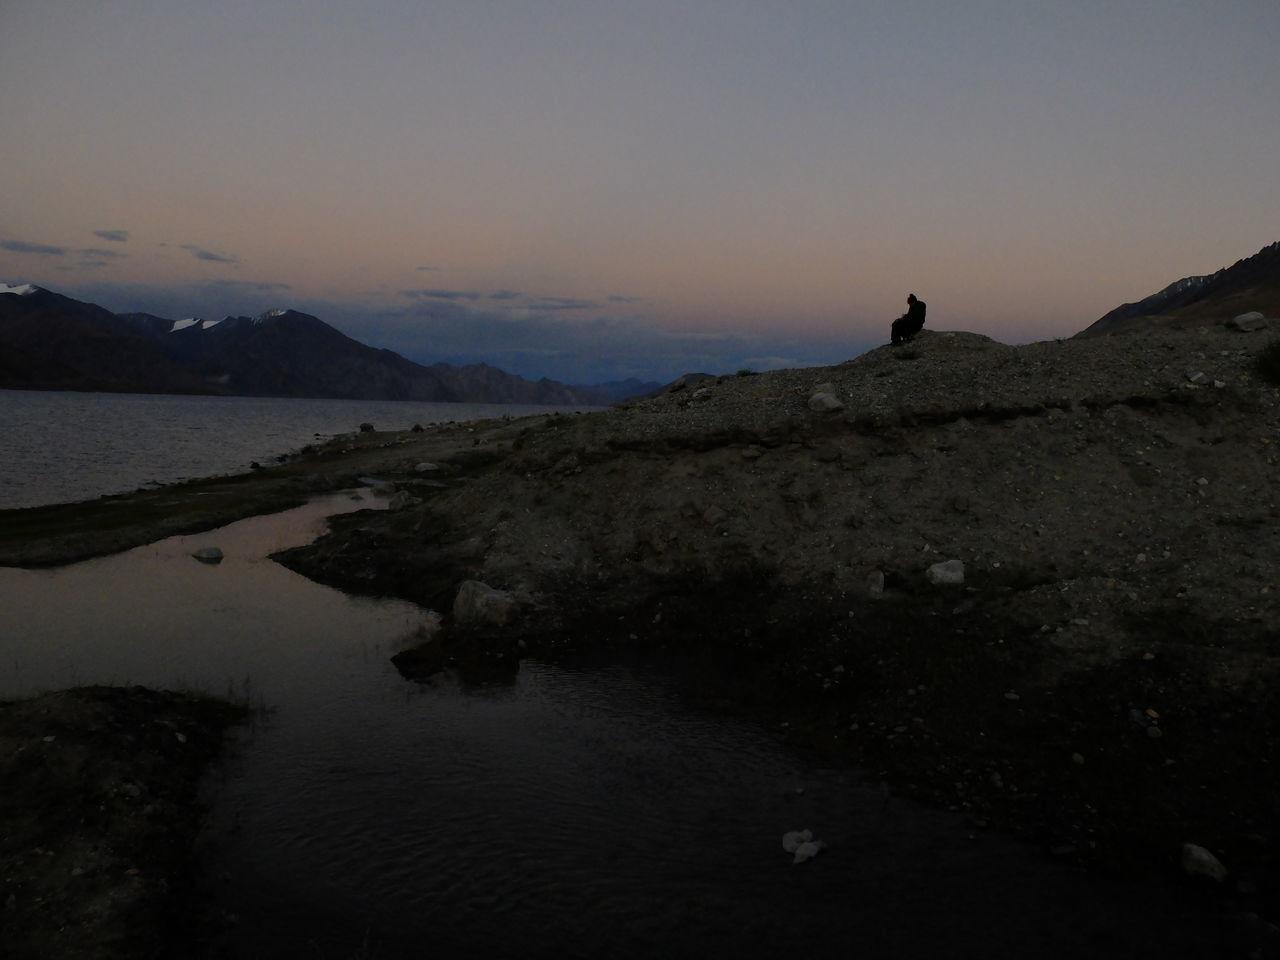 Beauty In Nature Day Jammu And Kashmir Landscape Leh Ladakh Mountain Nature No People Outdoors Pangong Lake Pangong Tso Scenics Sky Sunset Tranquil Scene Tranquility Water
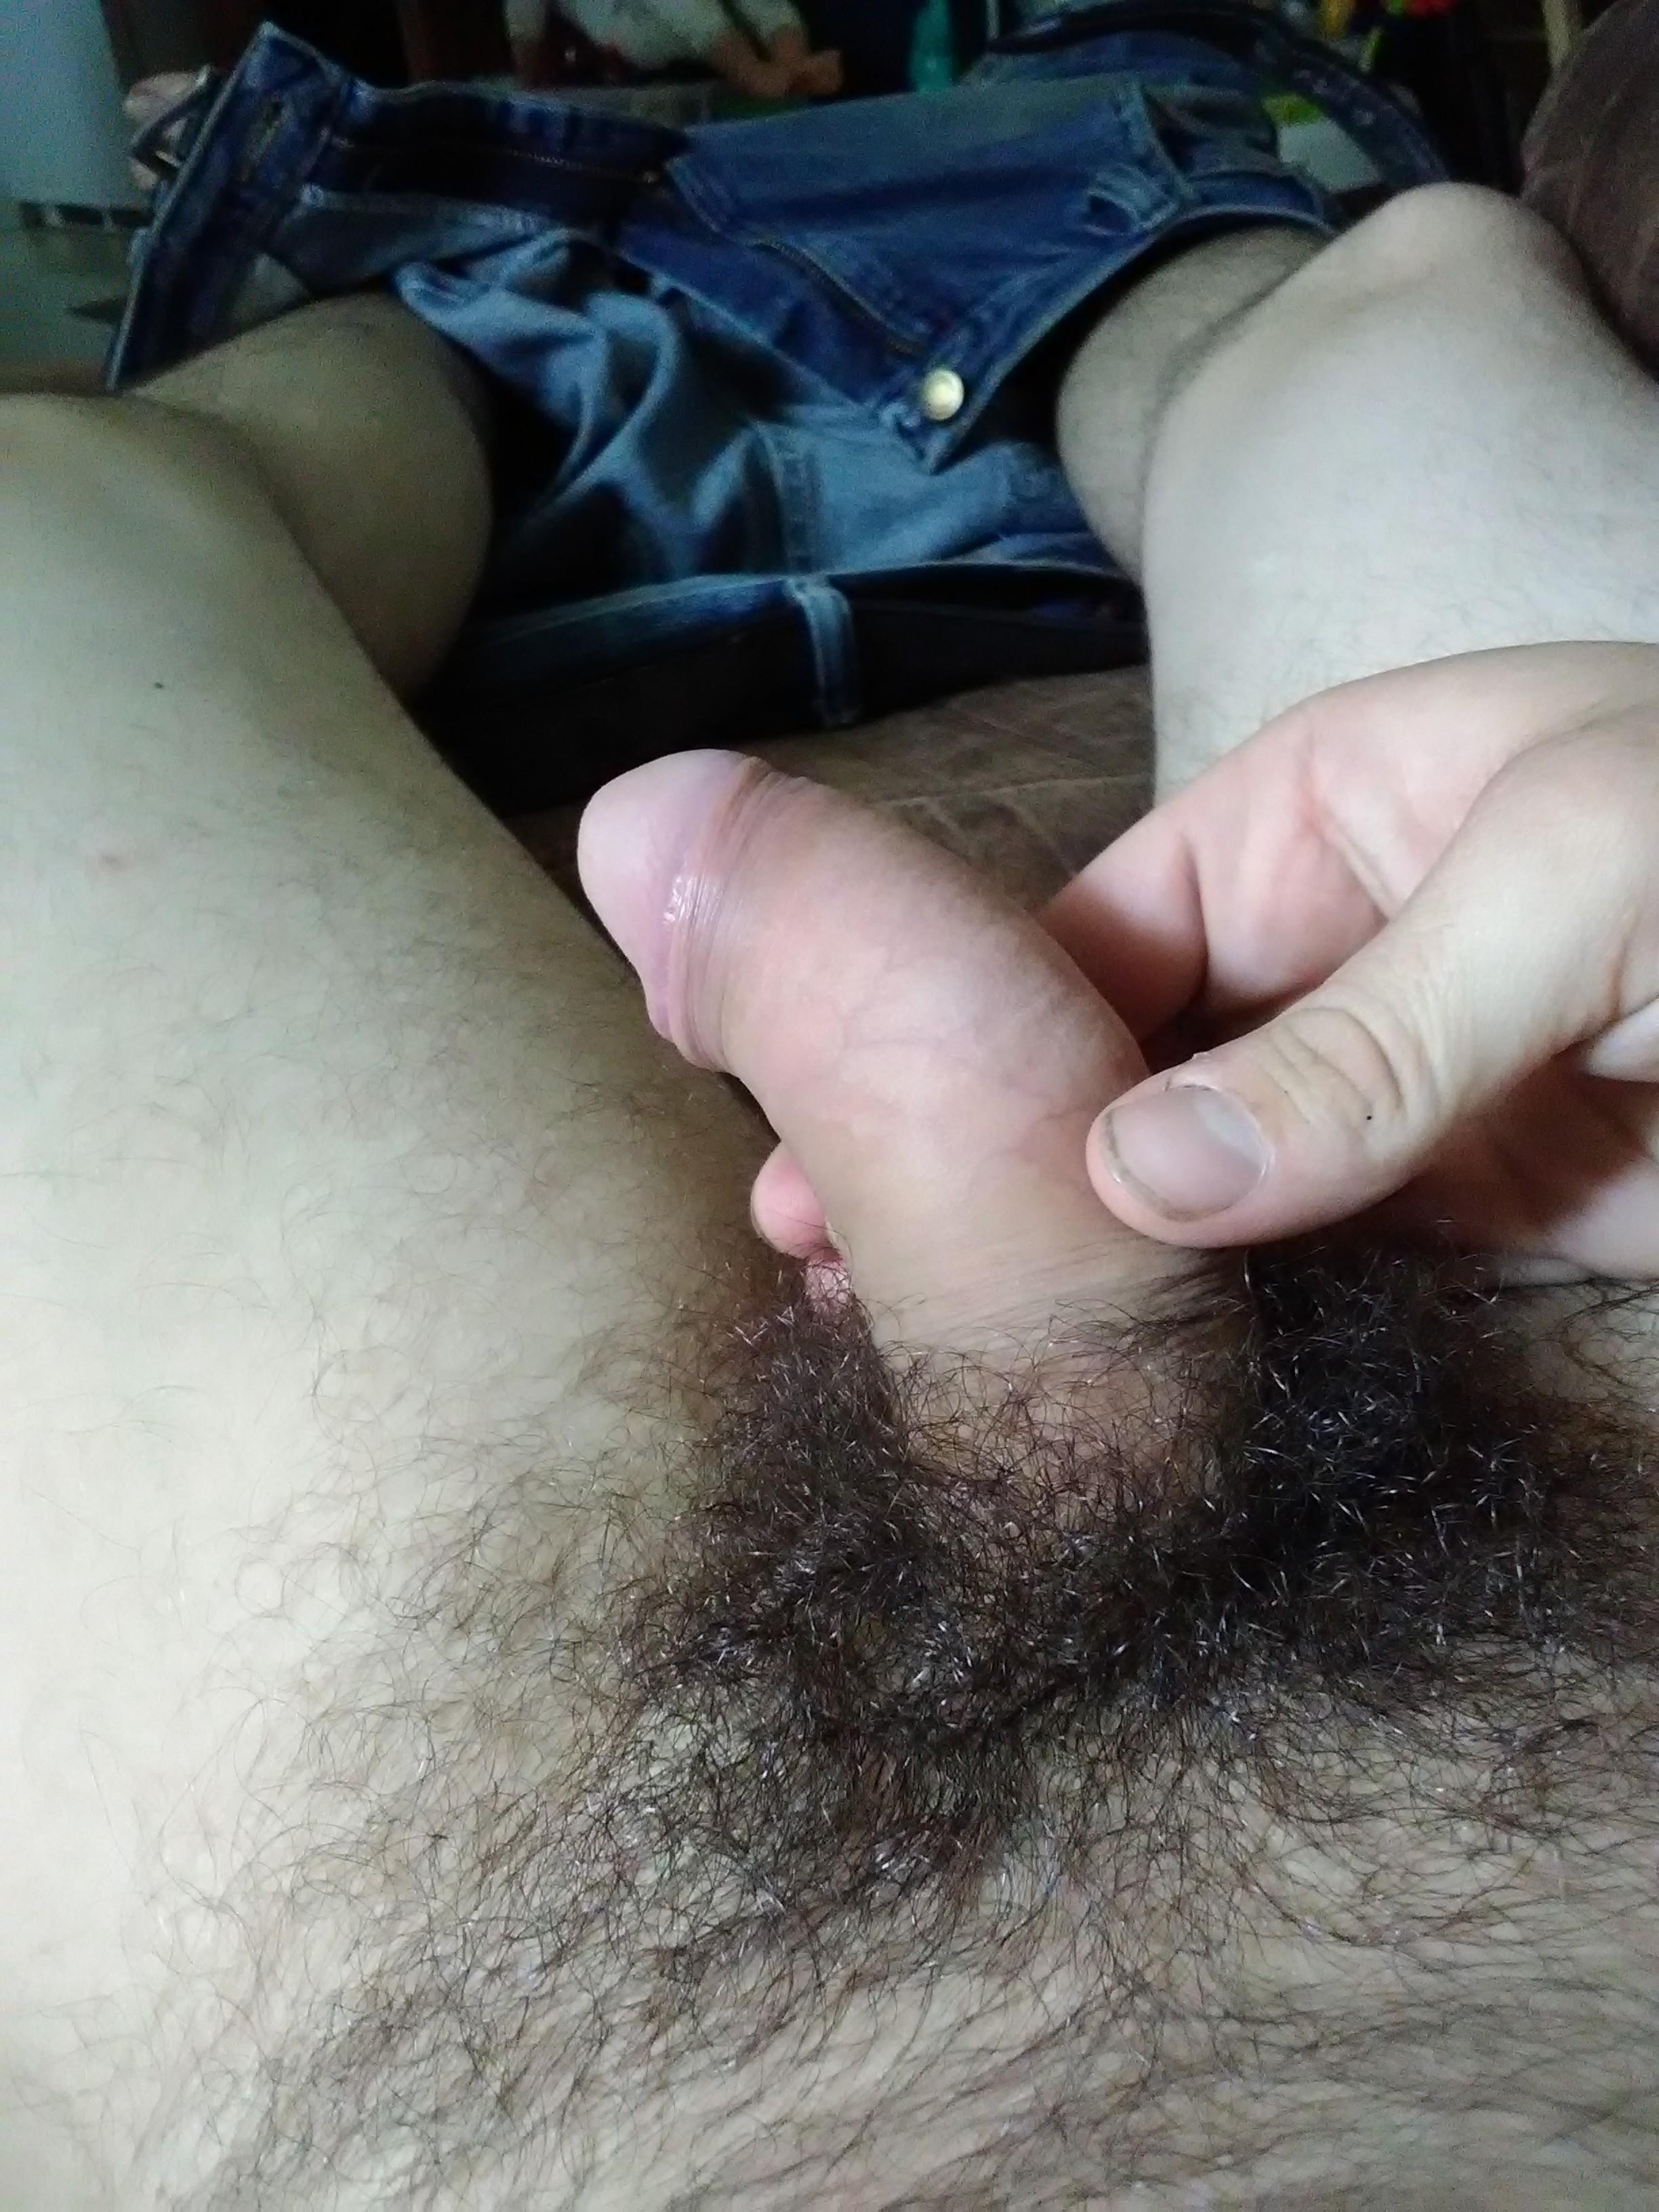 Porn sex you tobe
□ □ □ □ □
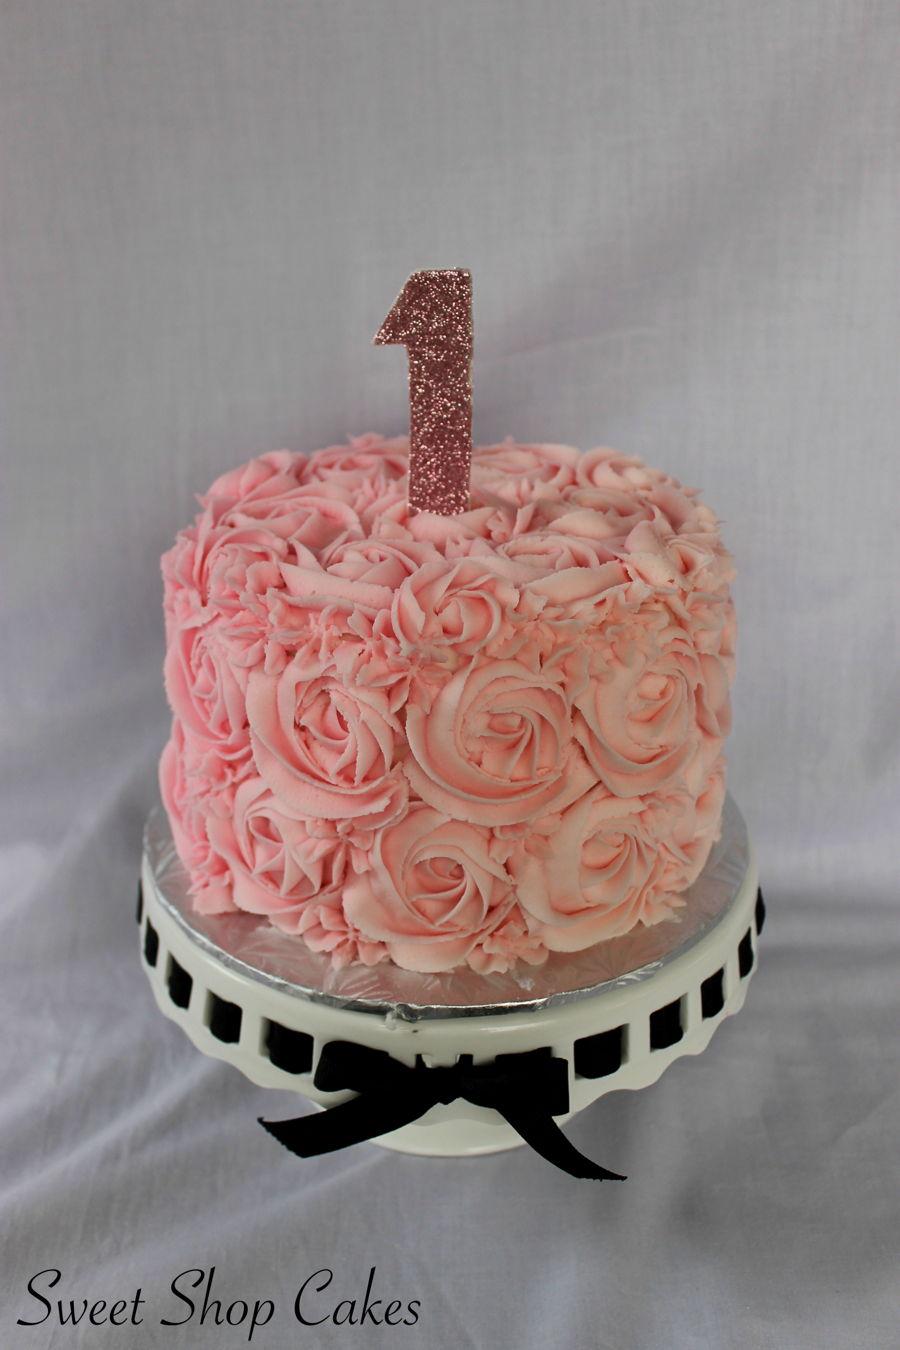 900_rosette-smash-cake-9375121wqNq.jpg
□ □ □ □ □
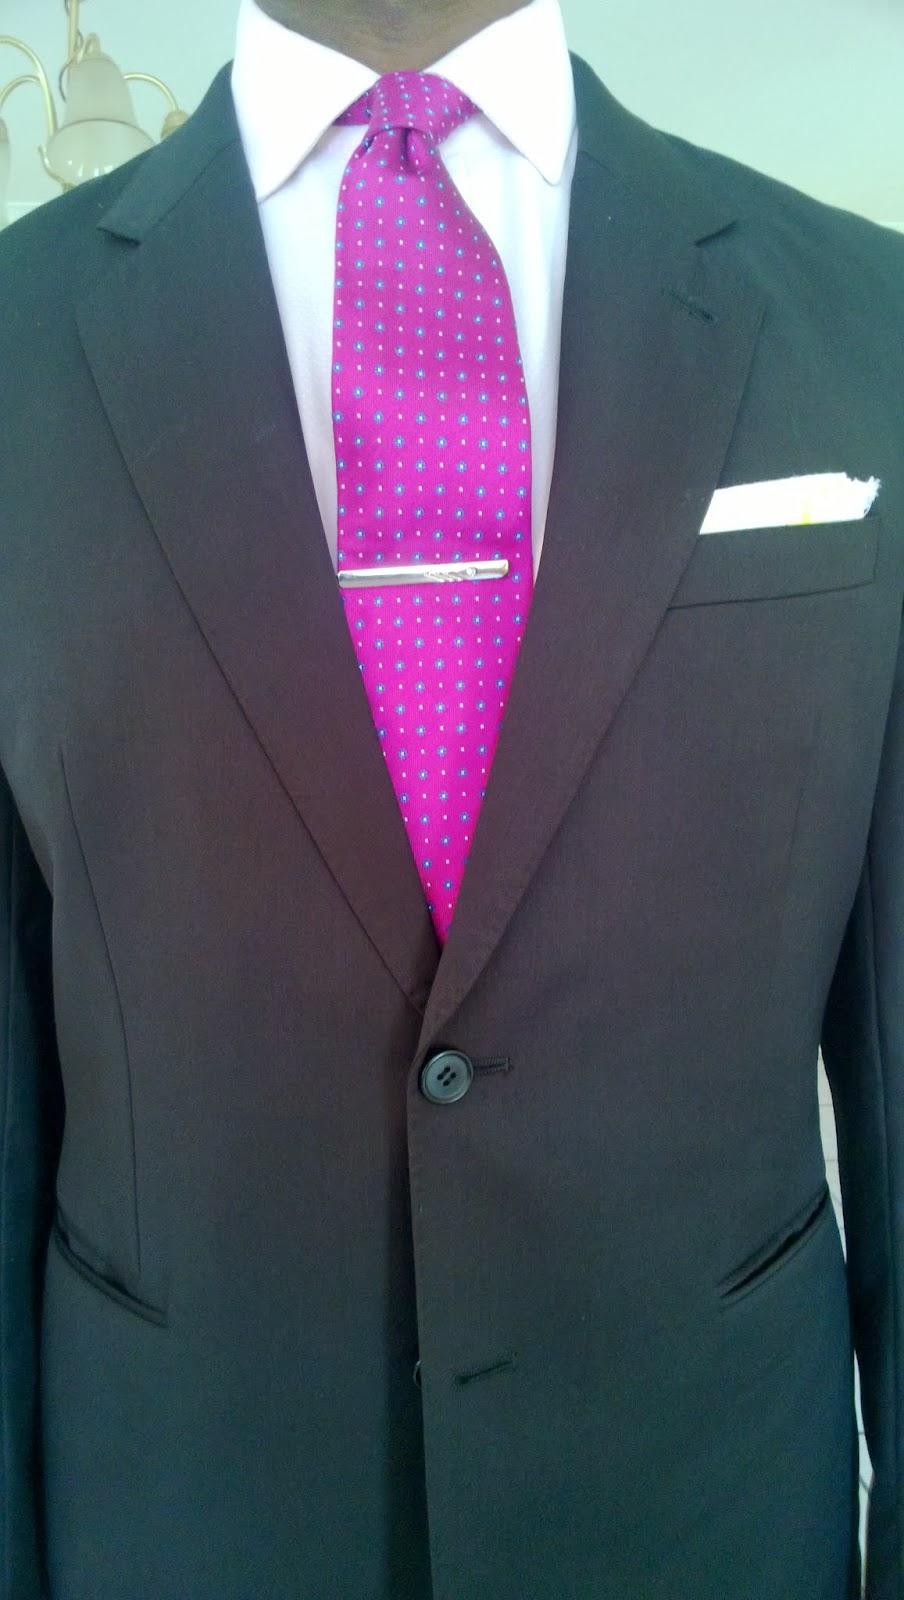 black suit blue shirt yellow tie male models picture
□ □ □ □ □
◆ Your goal ◆
What you need to produce is an exact copy of the entries above, limited to the lines from the one with "Beauty In Nature" up to and including the one with "Porn sex you tobe", without pictures.

◆ Response below ◆
 Beauty In Nature Day Jammu And Kashmir Landscape Leh Ladakh Mountain Nature No People Outdoors Pangong Lake Pangong Tso Scenics Sky Sunset Tranquil Scene Tranquility Water
 Porn sex you tobe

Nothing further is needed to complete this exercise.